As a family law attorney, I spend a lot of time reviewing text messages, emails and co-parenting messages from online forums. My clients take great care to highlight sections to bolster their case.
“See right here, he said I was a narcissist because I don’t care about what my kid needs. This has to stop!” They ignore their own responses blaming the other parent for everything from missed cheerleading practice to global warming. It is a delicate dance pointing out their missteps. “Maybe she said that because you complained about paying child support?” Thinking I didn’t read the full message they point it out to me again.
“What about this? Right there, she admits it. She is laughing at me with our child. How is that okay?” They assume the worst. Ignoring the possibilities. “Maybe she was complimenting your sense of humor?” Pointing out alternative interpretations like being thankful for their child’s sense of humor only leads to more highlighting, finger pointing and requests to go to court.

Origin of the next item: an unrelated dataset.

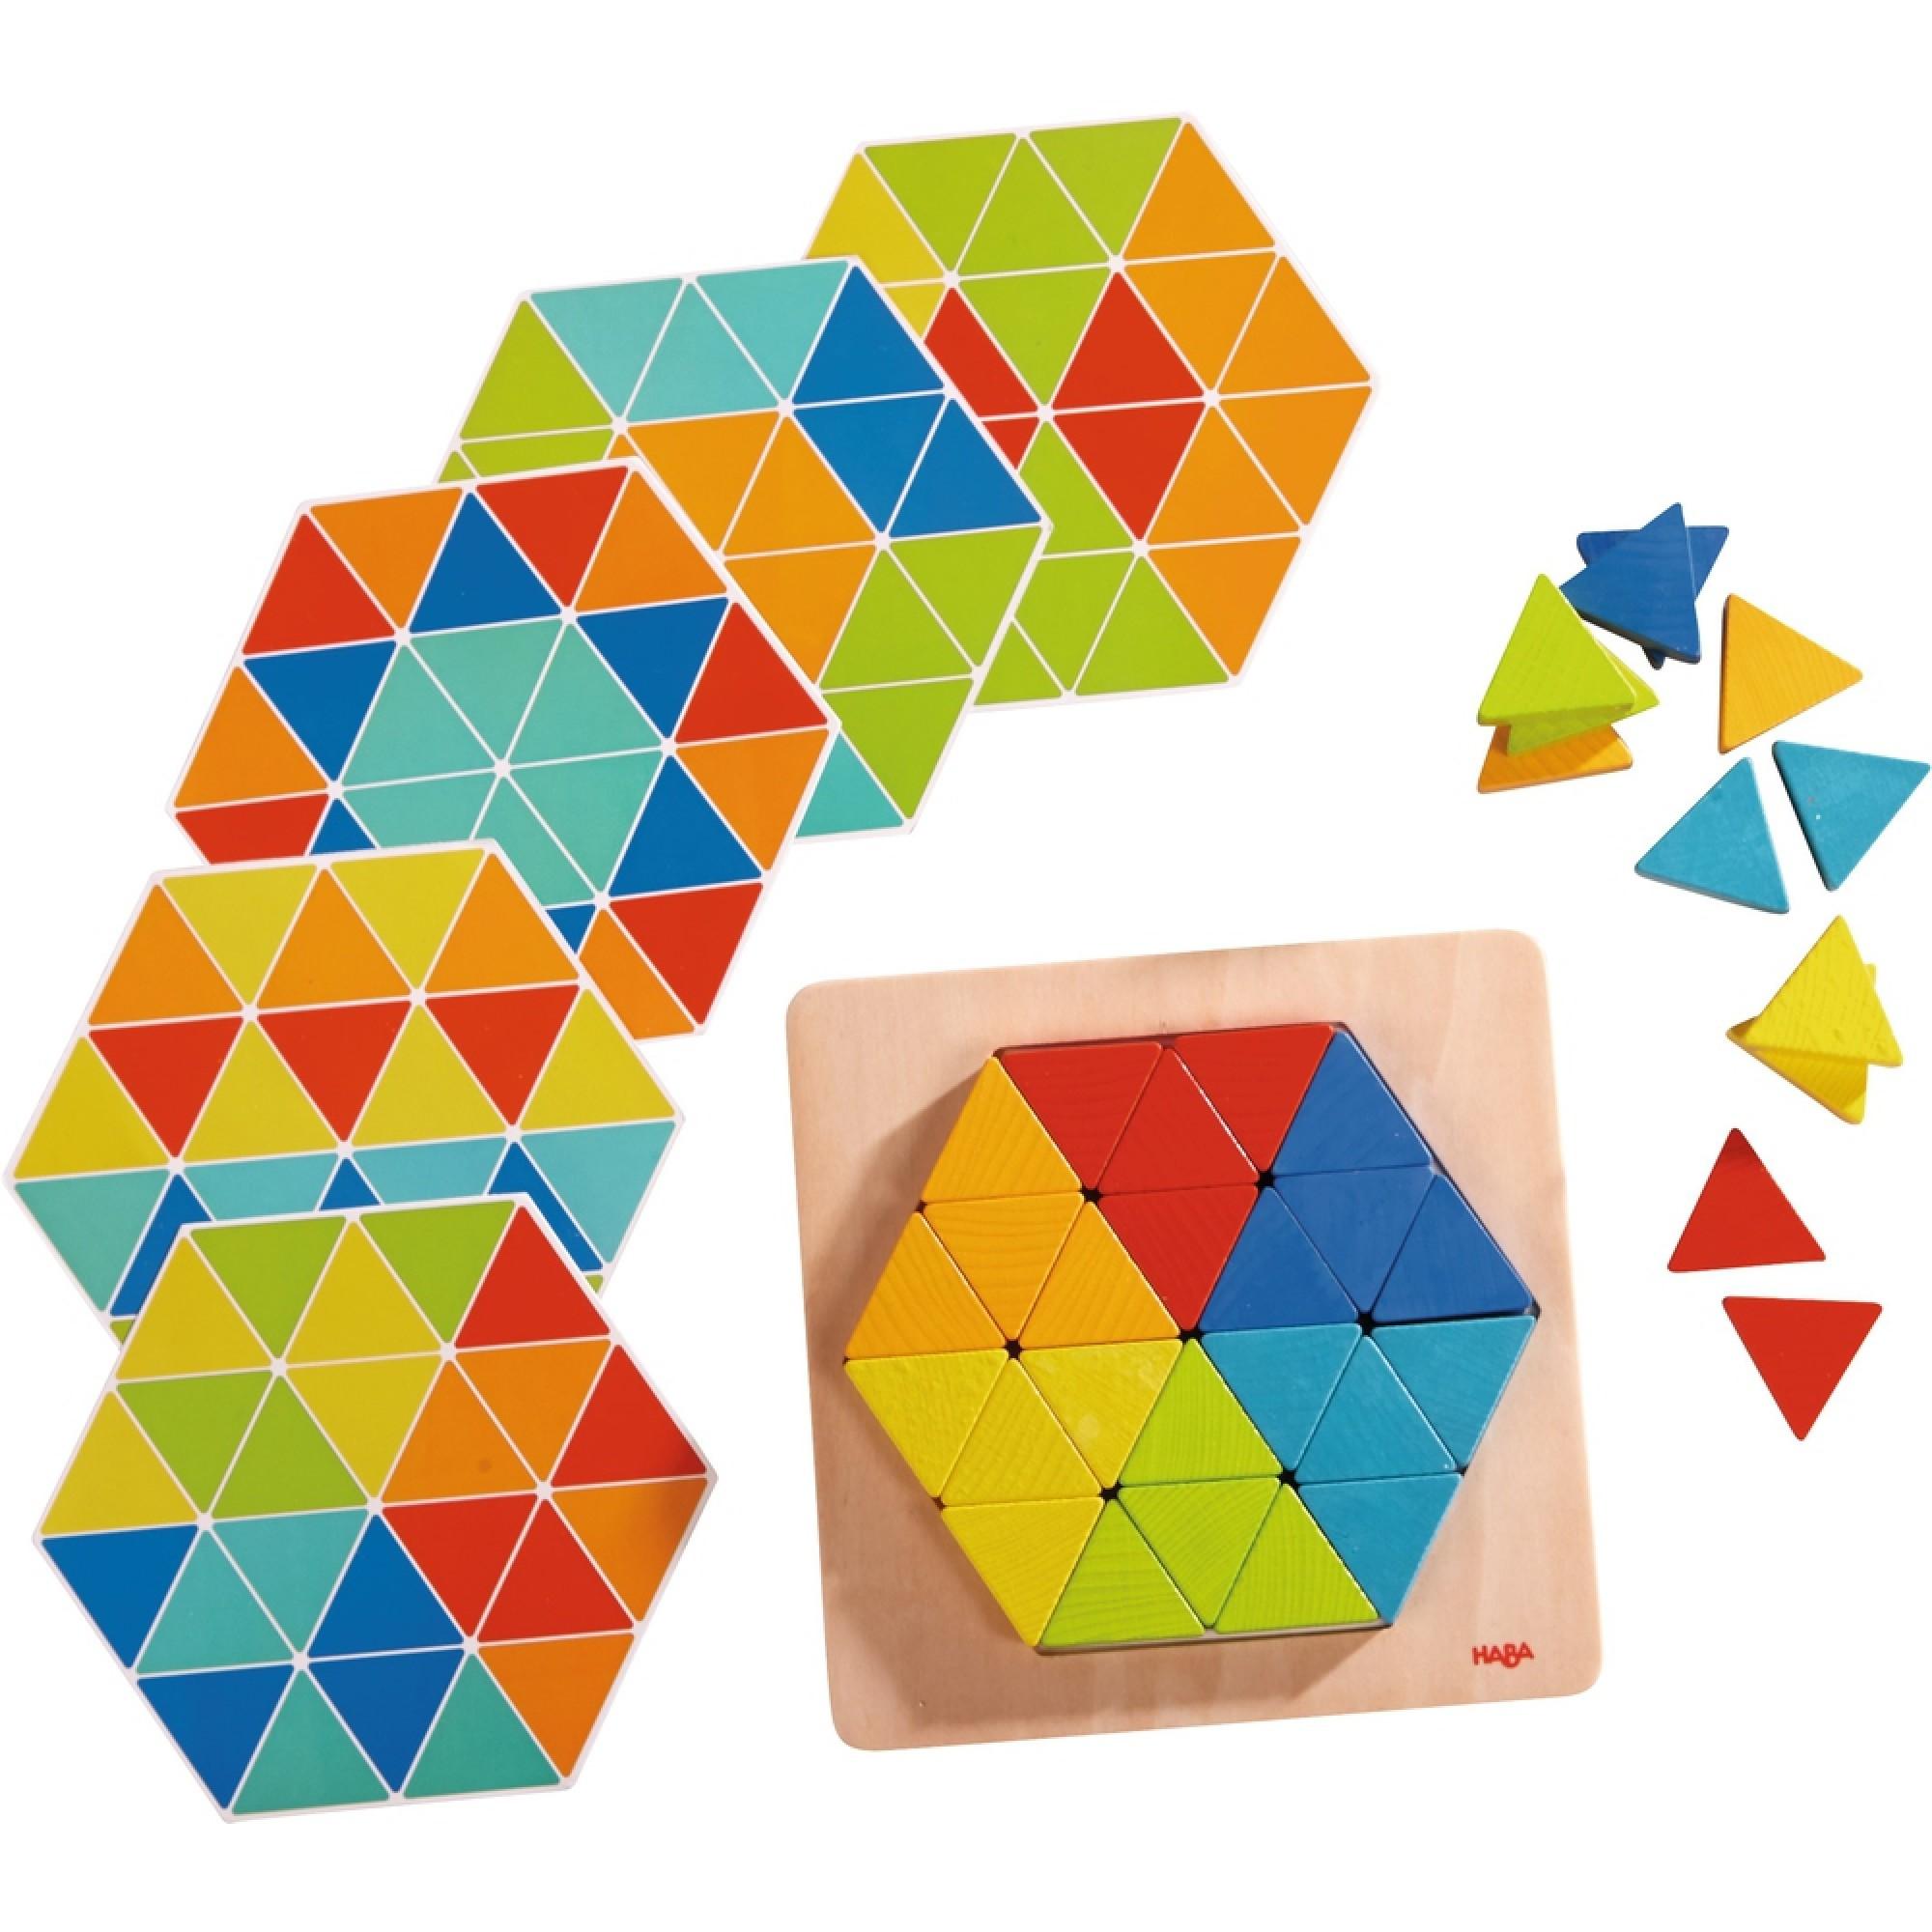 Joc de aranjare Haba, Piramidele magice, 2ani+

The problem is they are still struggling with the outcome of their marriage. The divorce.
Divorce is number two on the top ten stressors hit list, right behind death of a spouse. After a death people need sympathy and time to grieve. After a divorce people want someone — preferably a judge — to tell them they were right. Justification, vindication, and confirmation all wrapped up in a tidy declaration of blame. The trouble is the justice system doesn’t work that way.
Court is not about the truth. It is about what you can prove.
Reading page after page of hatred, rage, and frustration is like flossing your teeth with barbed wire. Even worse, telling a parent that the judge won’t see things the way they do. Court has nothing to do with the truth. Courts are based on procedures and rules; they function on…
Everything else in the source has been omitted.